▸ Task directions
Make an exact copy of the data below, leaving out every picture.

▸ Given data

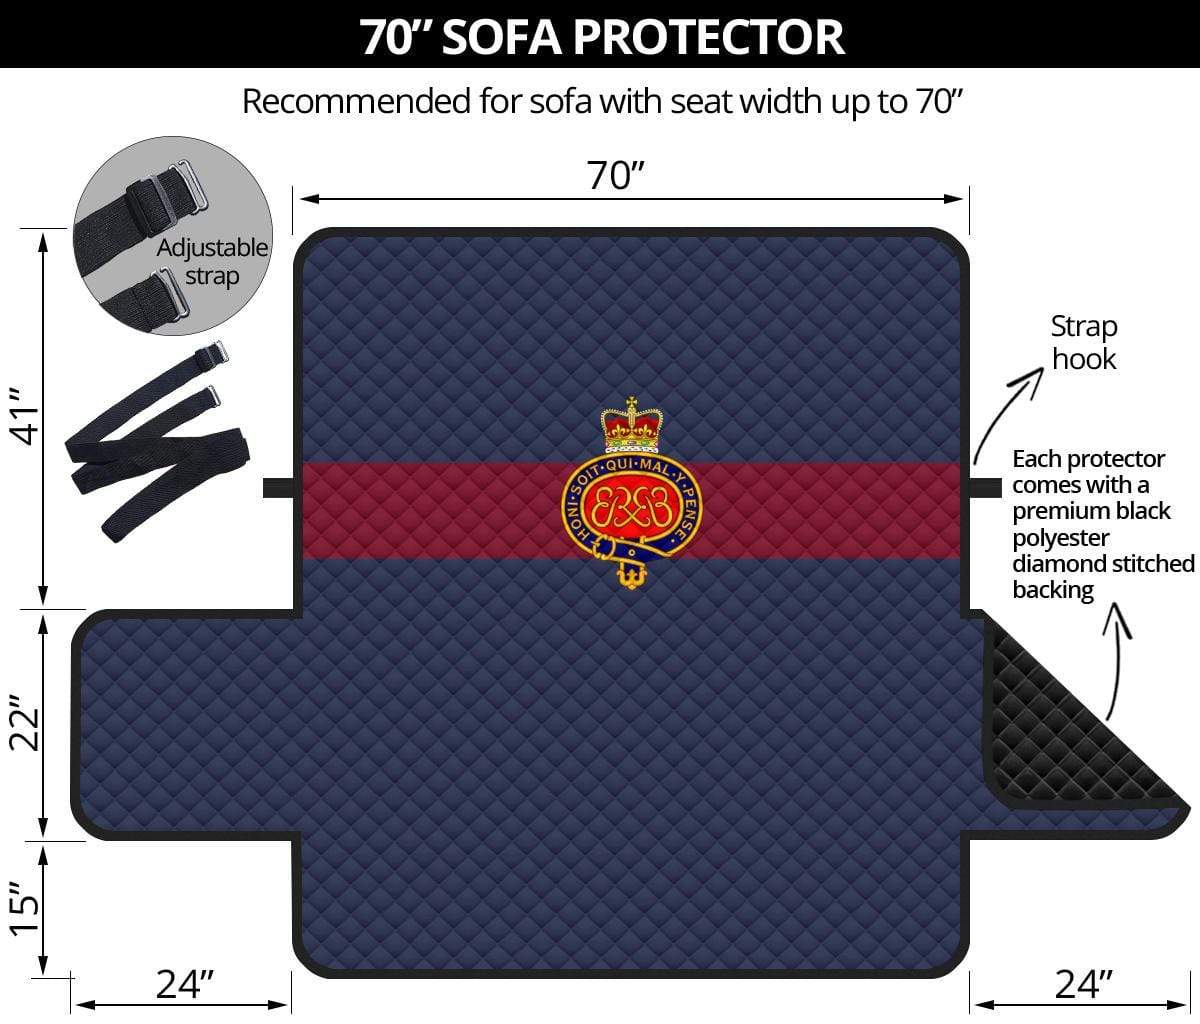 sofa protector 70" Grenadier Guards 3-Seat Sofa Protector
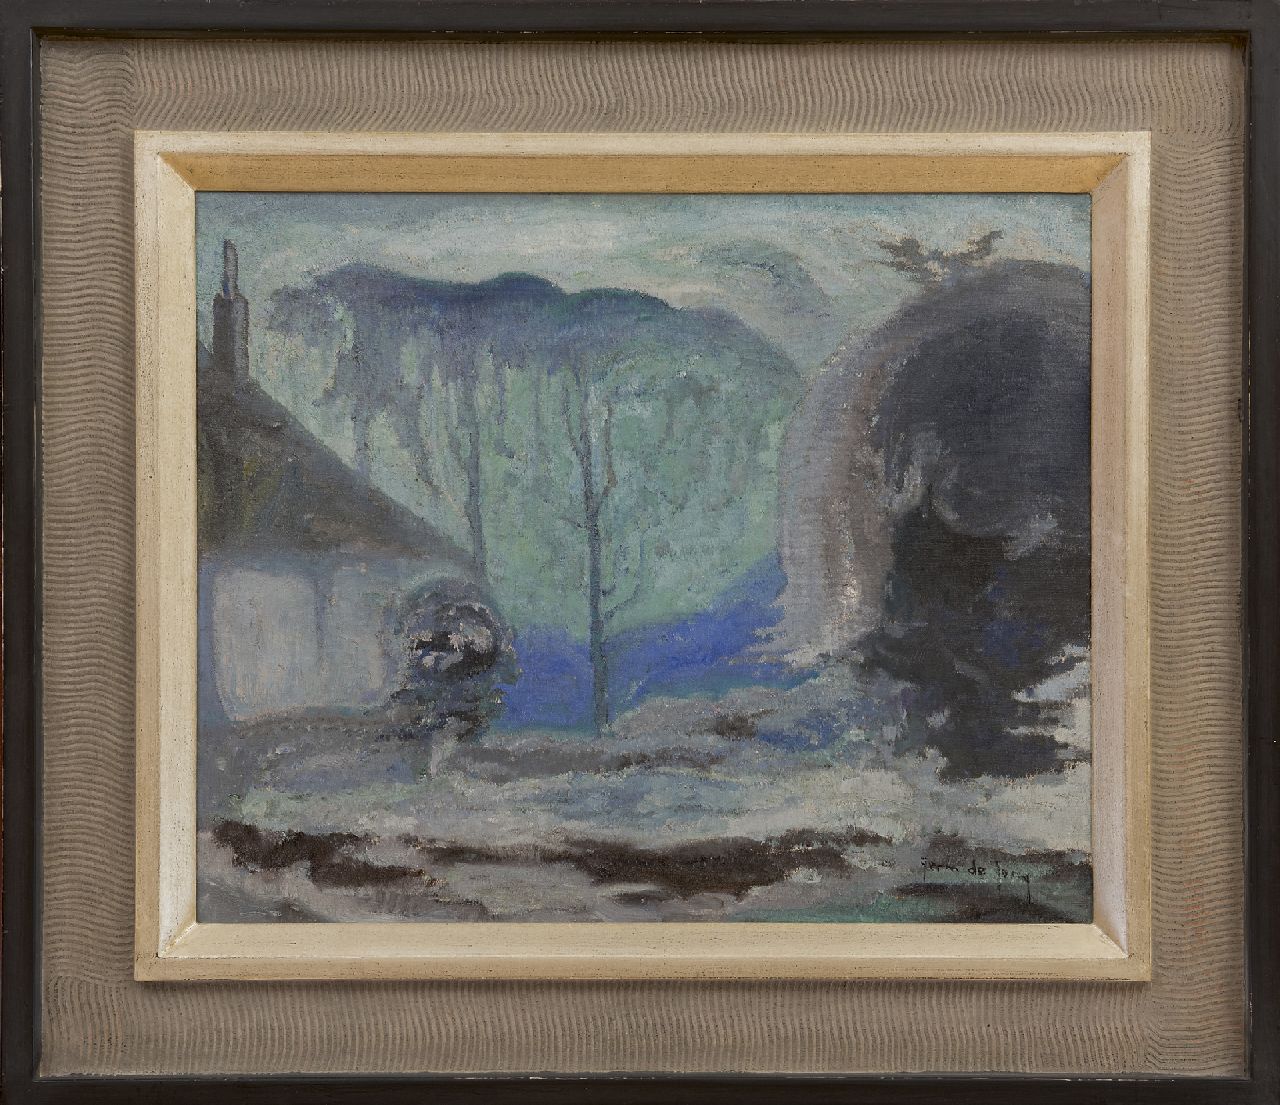 Jong G. de | Gerben 'Germ' de Jong | Gemälde zum Verkauf angeboten | Winterlandschaft, Öl auf Leinwand 41,2 x 50,0 cm, Unterzeichnet r.u. und zu datieren um 1918
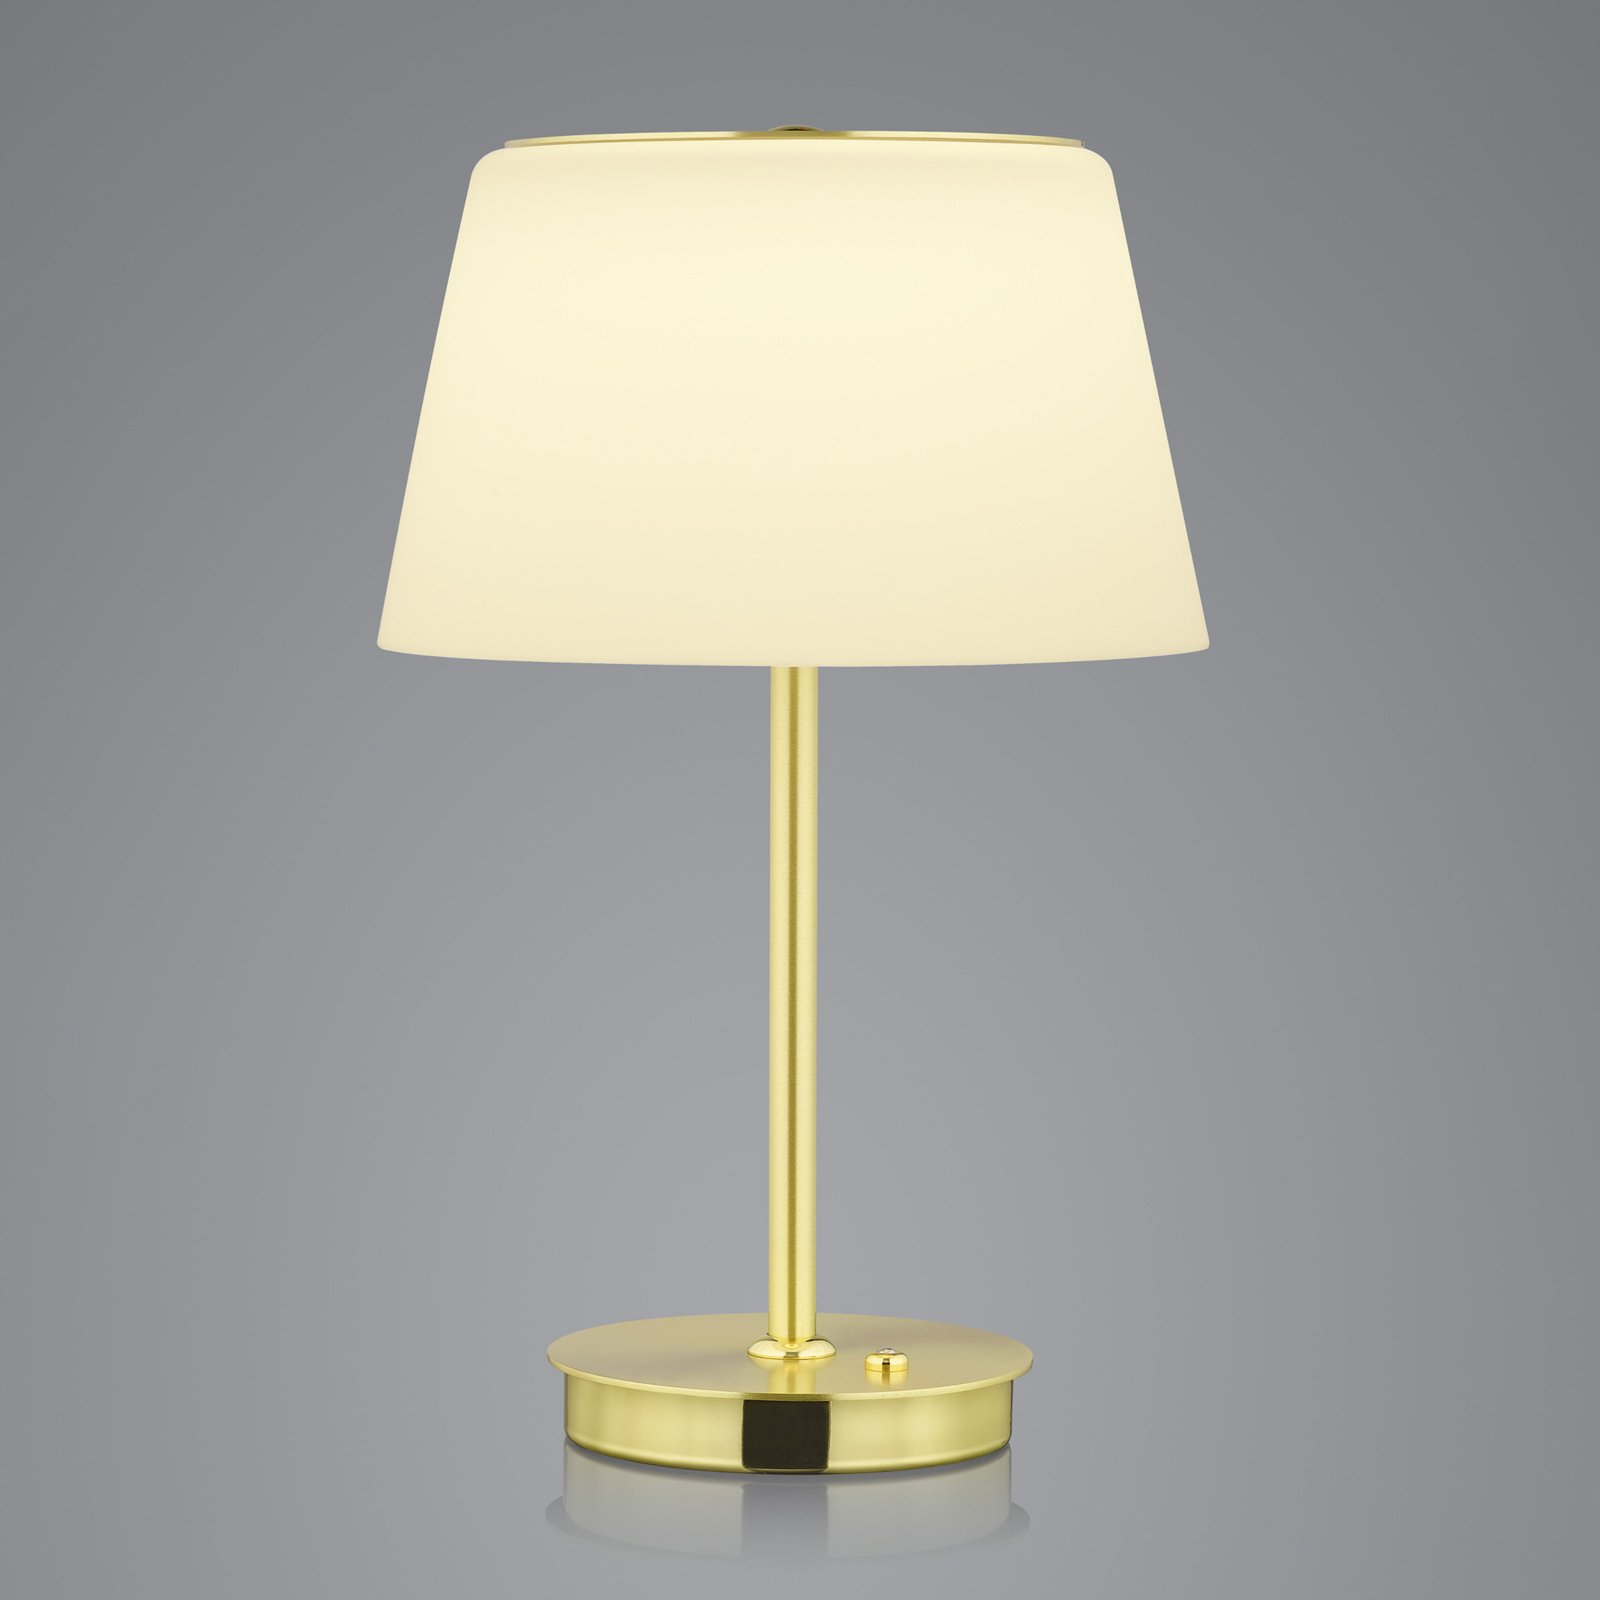 BANKAMP Conus LED table lamp, brass

▸ Completed task
 sofa protector 70" Grenadier Guards 3-Seat Sofa Protector
 Jong G. de | Gerben 'Germ' de Jong | Gemälde zum Verkauf angeboten | Winterlandschaft, Öl auf Leinwand 41,2 x 50,0 cm, Unterzeichnet r.u. und zu datieren um 1918
 BANKAMP Conus LED table lamp, brass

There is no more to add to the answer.